Problem description: Restate the lines of the material below word for word, from the first through the one containing "The Evolution of", and include nothing else; pictures stay out.

Information provided:
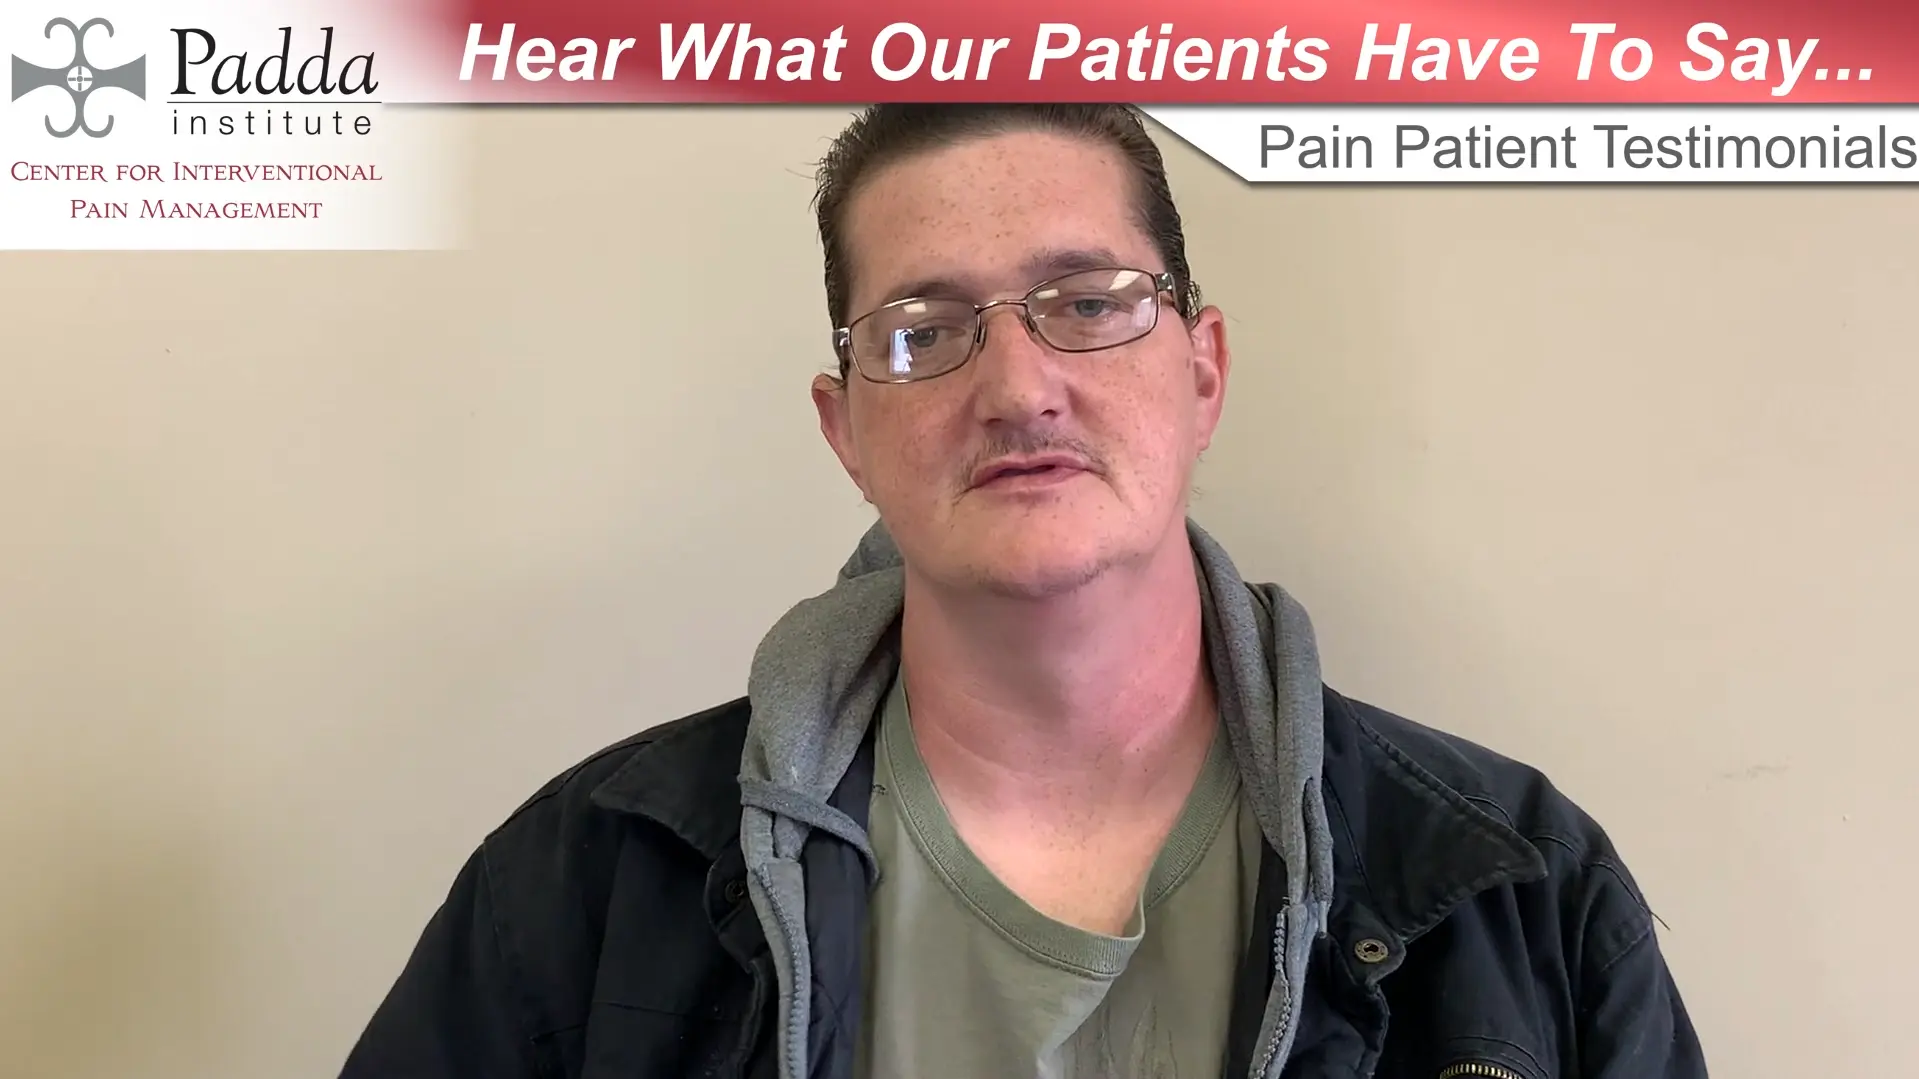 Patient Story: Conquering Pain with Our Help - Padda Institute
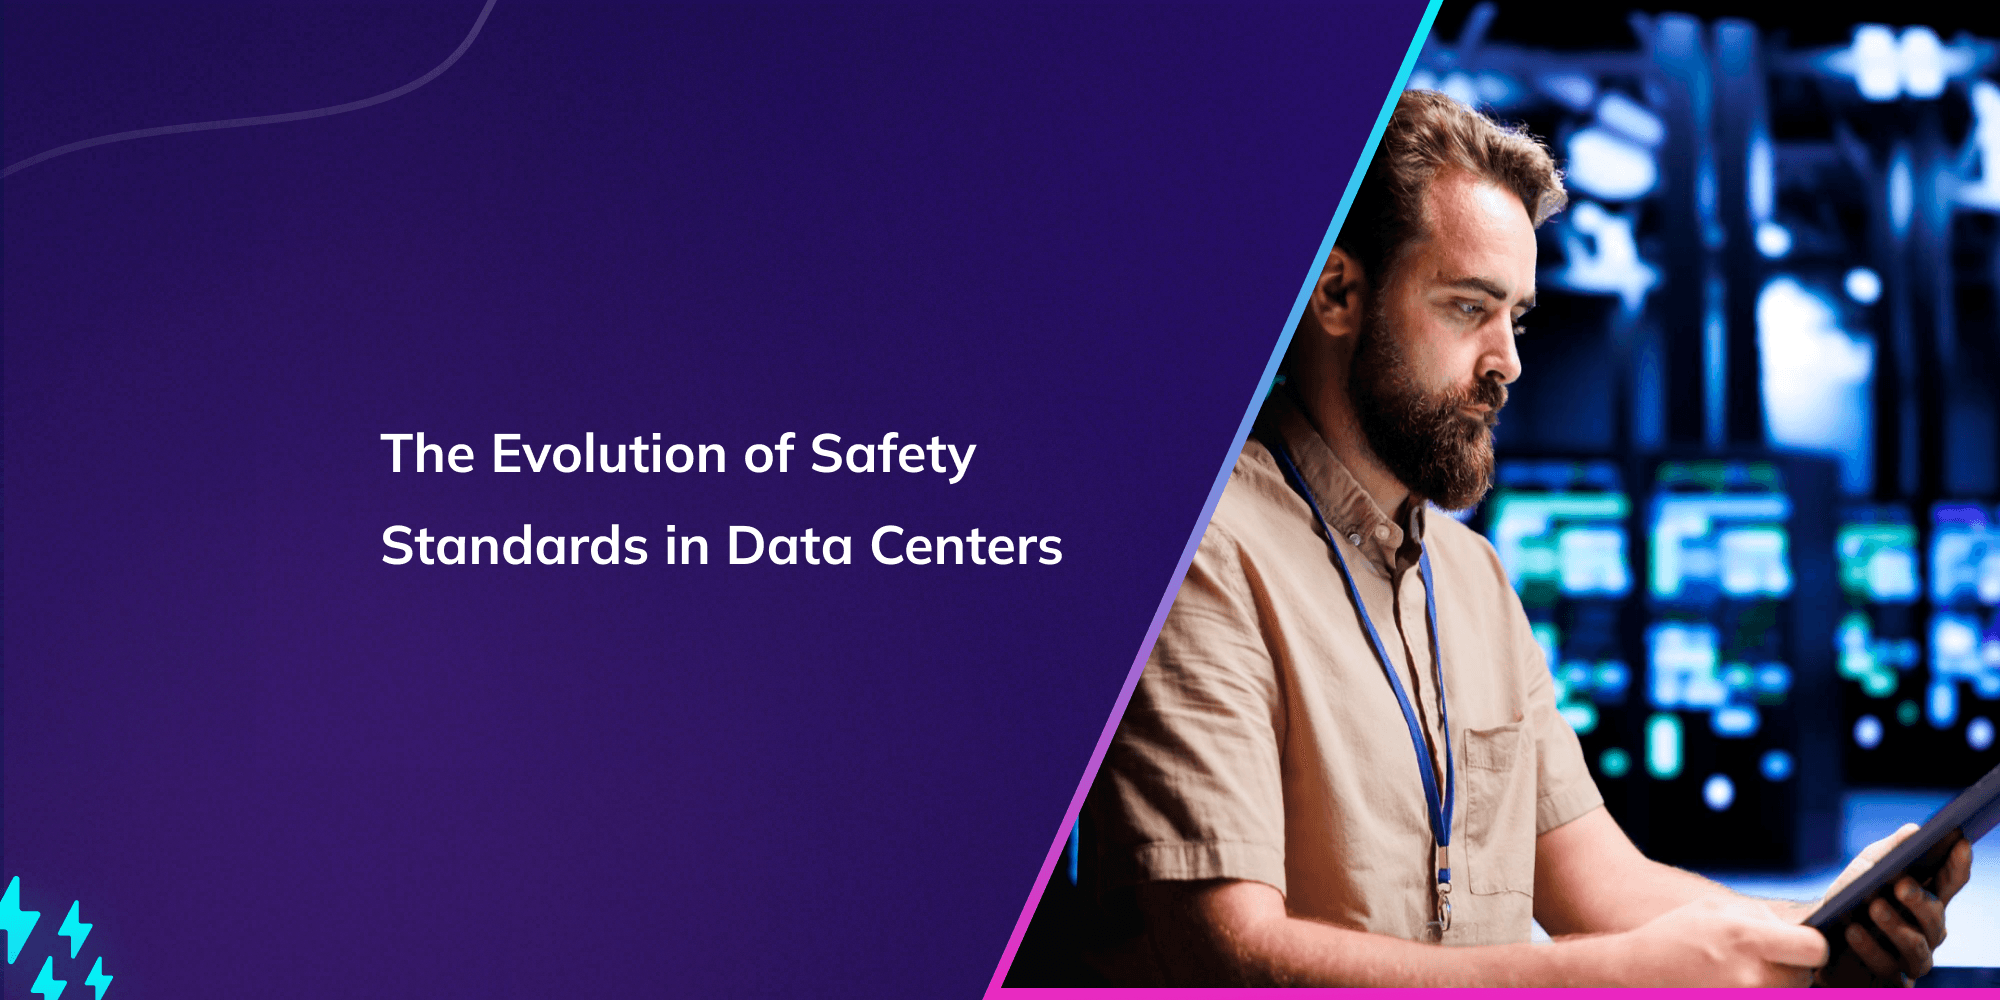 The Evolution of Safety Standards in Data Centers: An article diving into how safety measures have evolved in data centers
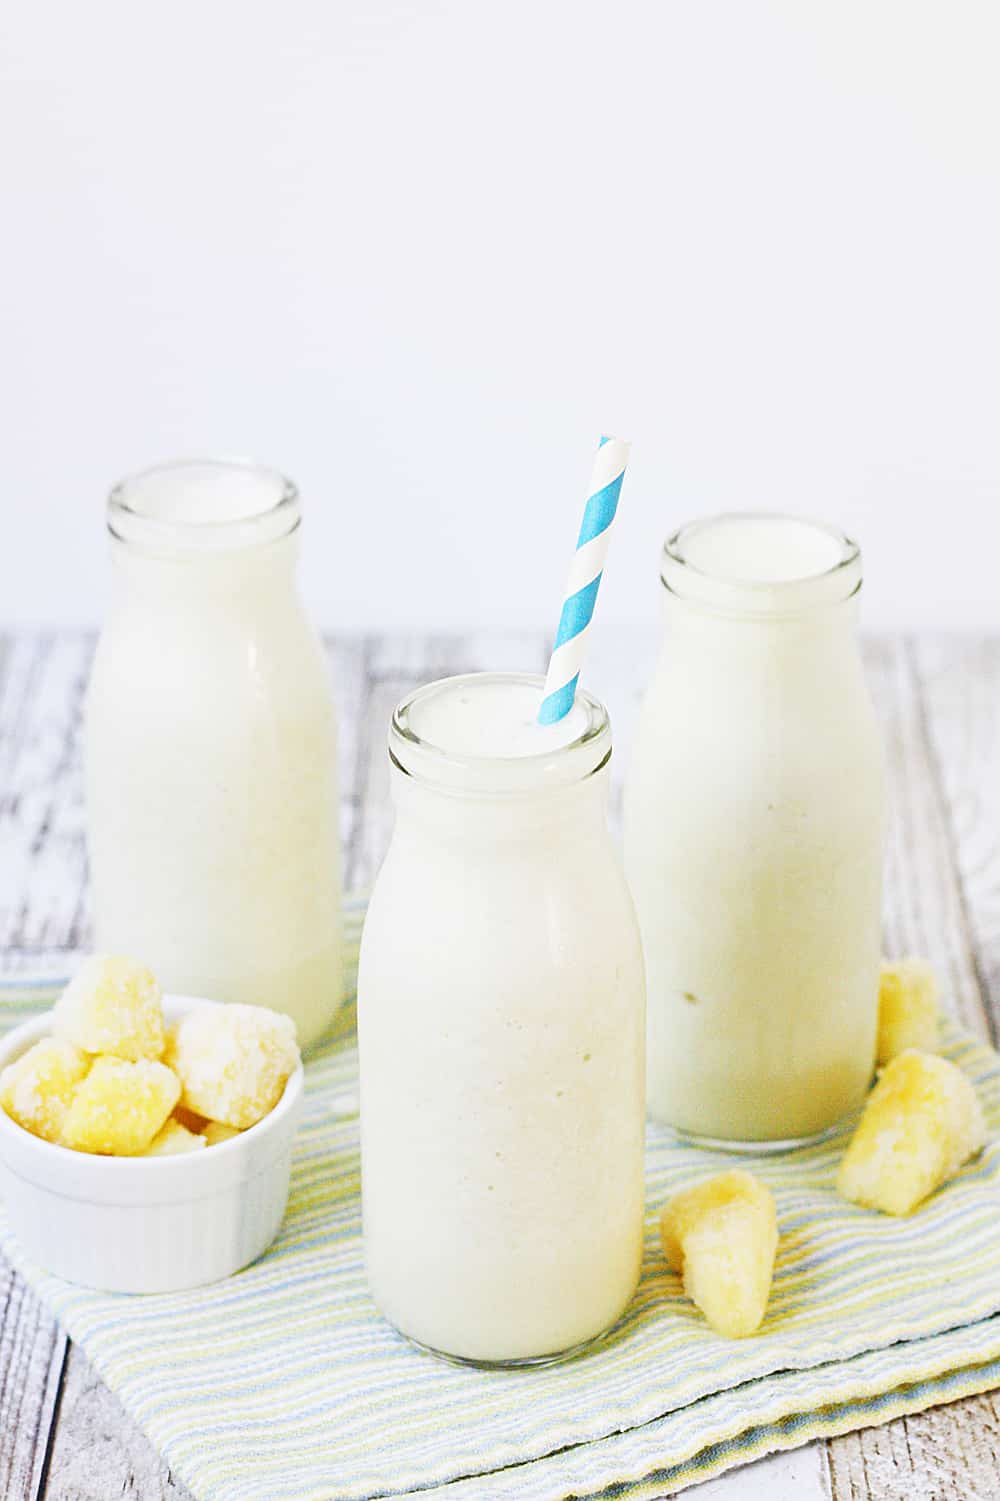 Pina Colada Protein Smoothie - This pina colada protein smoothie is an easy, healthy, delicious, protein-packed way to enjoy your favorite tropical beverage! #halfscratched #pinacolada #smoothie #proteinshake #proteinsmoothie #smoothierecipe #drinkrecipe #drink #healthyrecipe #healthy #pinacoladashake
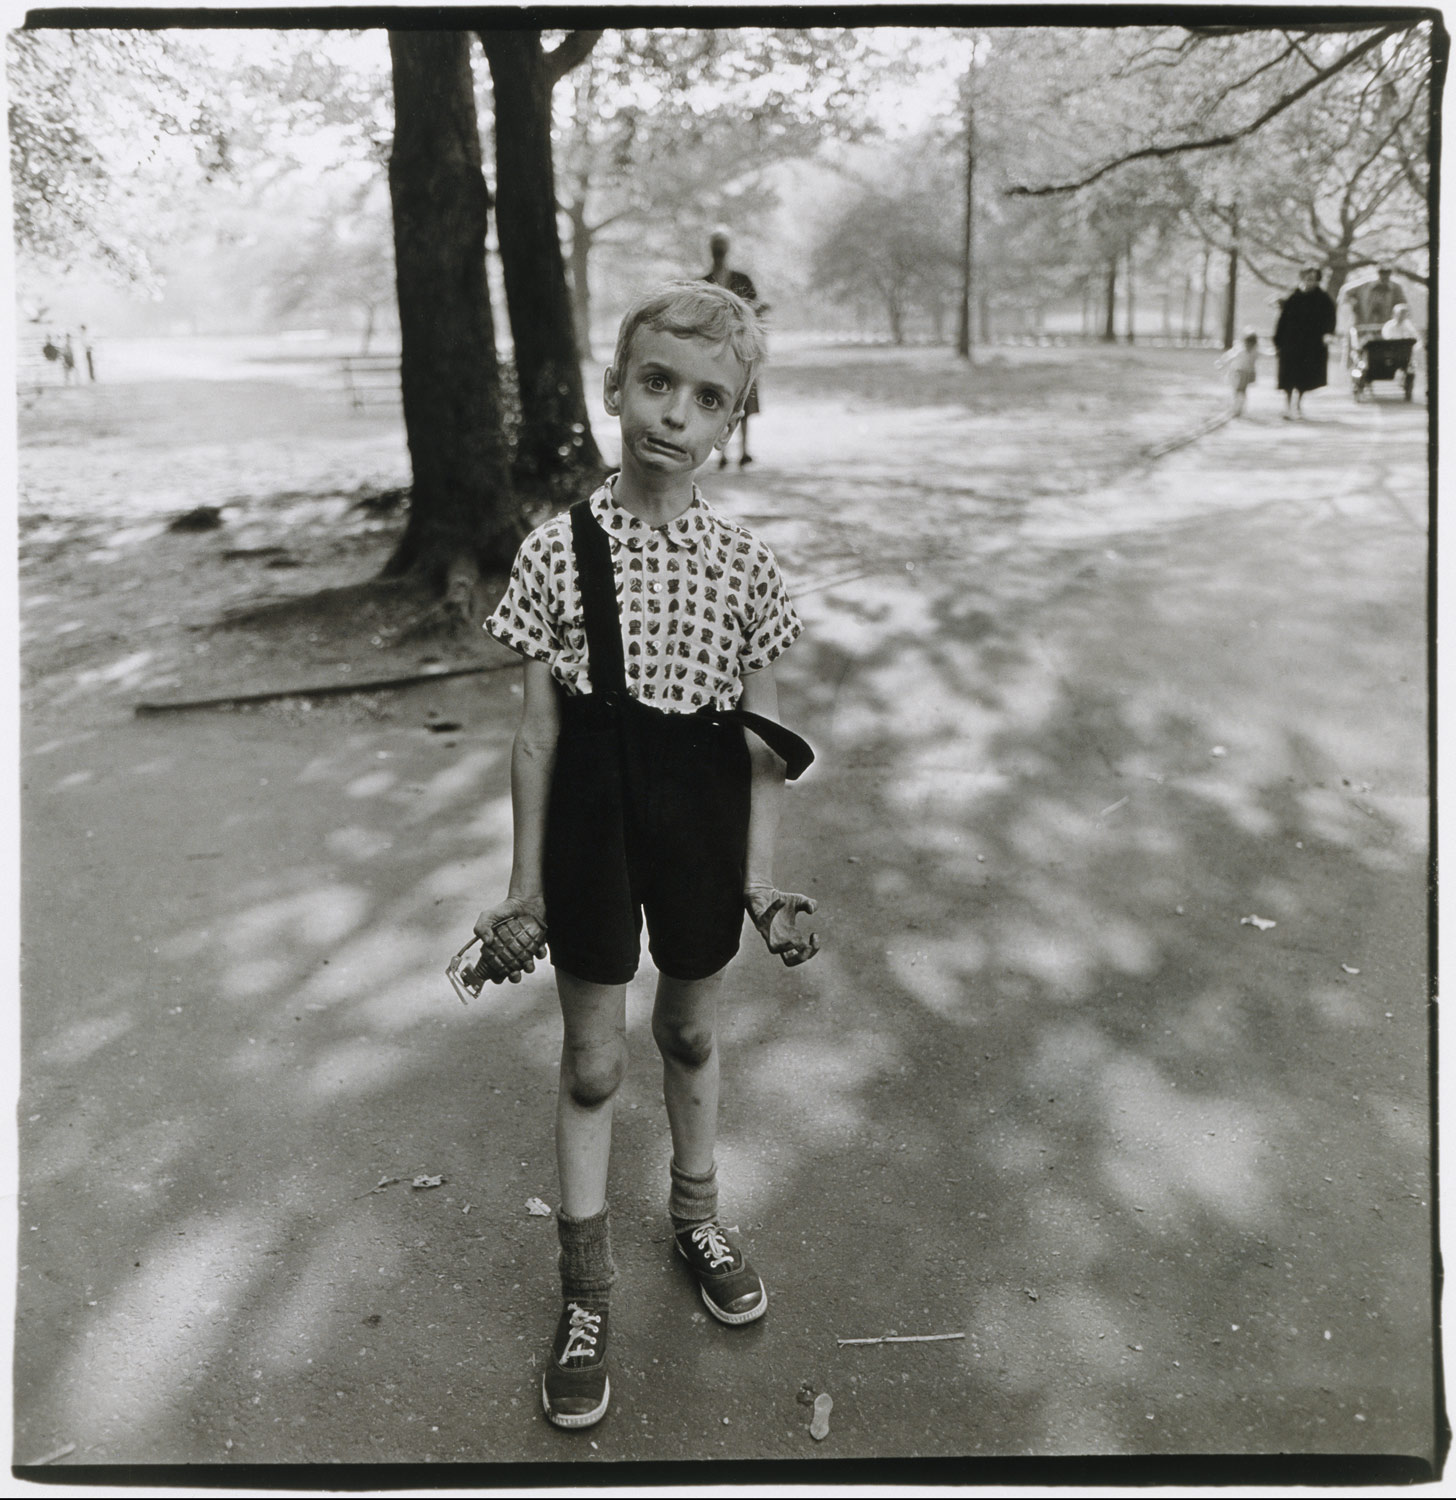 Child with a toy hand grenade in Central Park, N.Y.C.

Your solution:
 Patient Story: Conquering Pain with Our Help - Padda Institute
 The Evolution of Safety Standards in Data Centers: An article diving into how safety measures have evolved in data centers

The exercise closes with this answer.